Nevertheless, this study had some limitations, and a further improvement in the accuracy and other performance metrics of the developed model is warranted. First, this study employed only an internal validation, which makes generalizing the results difficult. Therefore, external validation through a multicenter study is required. Second, we believe that various intravascular catheters, urinary catheters, prosthetic implants, and pelvic binders inserted or applied in the human body that is visible on pelvic radiographs could potentially affect the training and validation results of each deep learning model. Nevertheless, studying images in varying situations to improve their clinical utility is essential. Third, a more precise approach for marking ROIs on fractures and joint planes on pelvic X-rays is needed. Rather than simply leaving a square-shaped ROI around the fracture area, further research is needed to distinguish between fracture lines and joint separation by drawing the fracture shape or by separating the sacral and iliac joints. Fourth, the sacroiliac joints and sacral region at the posterior pelvic ring may be obscured by visceral shading and are not clear on AP pelvic radiographs. Therefore, it may be important to further analyze the difference in performance between using a single plane of AP pelvic radiograph and a combination of AP, inlet, outlet, and oblique images, similar to other existing studies, in the analysis for AO/OTA classification. Finally, although the immediate application of our AI algorithm for classifying pelvic fractures may not be feasible during the acute management of hemodynamically unstable patients, its value becomes significant once the patient’s condition has stabilized. In such scenarios, rapid and accurate classification of pelvic fractures can facilitate efficient planning and prioritization of imaging and surgical resources, which are critical in the subsequent phases of patient management. Therefore, while the initial stabilization remains paramount, our AI tool stands to enhance the efficiency and accuracy of fracture assessment in the follow-up stages. Further research is needed to expand its application scope so that such AI diagnostic tools can be immediately utilized in diagnostics and treatment in the future.
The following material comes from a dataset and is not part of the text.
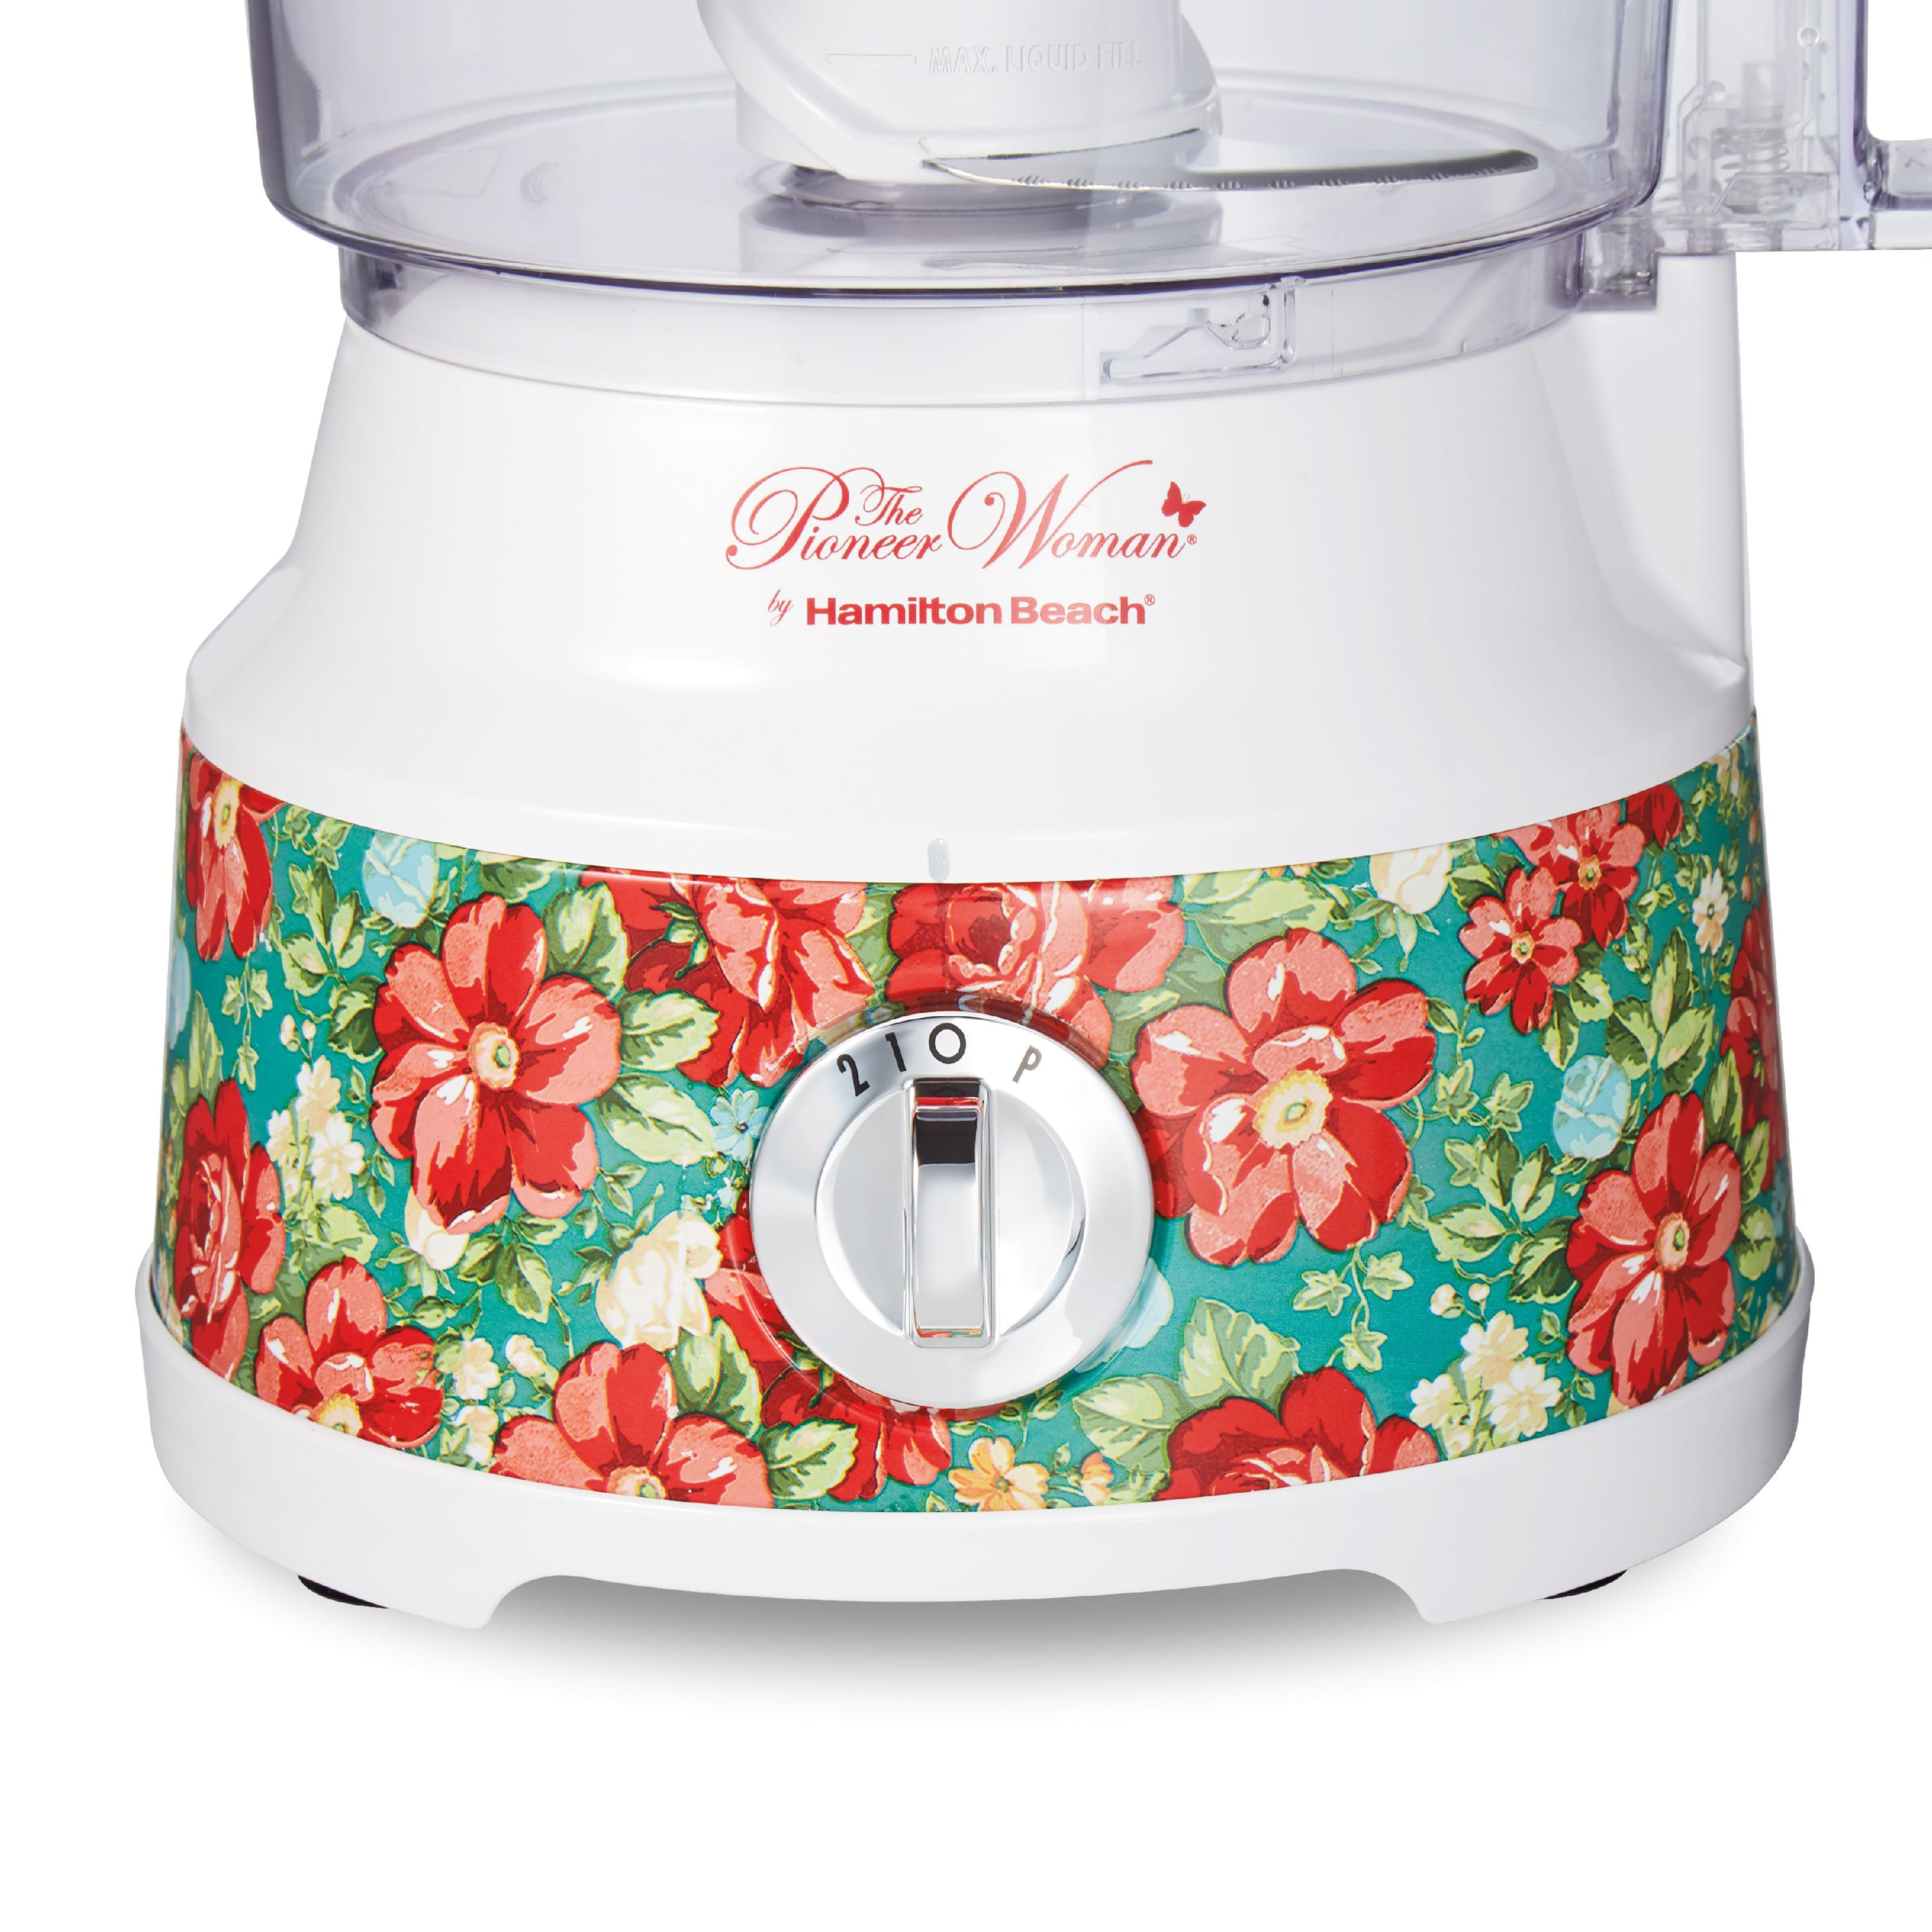 Food Processors for sale in Flowery Branch, Georgia

In conclusion, we developed a deep learning model to segment the pelvic ring using AP pelvic radiographs and classified the instability of pelvic fractures using the AO/OTA classification system. The pelvic ring segmentation model showed a high accuracy of 0.98, and the AO/OTA classification model showed an accuracy of 0.69‒0.88. This study paves the way for the automatic classification of pelvic fracture from AP pelvic radiographs to be realized using deep learning in clinical practice. AI can be used in the early stages of injury to make a faster diagnosis, and even if the AO/OTA classification criteria are complex, AI can quickly classify fracture patterns. Furthermore, this study’s results should serve as an important reference for medical imaging technology development that applies AI technology.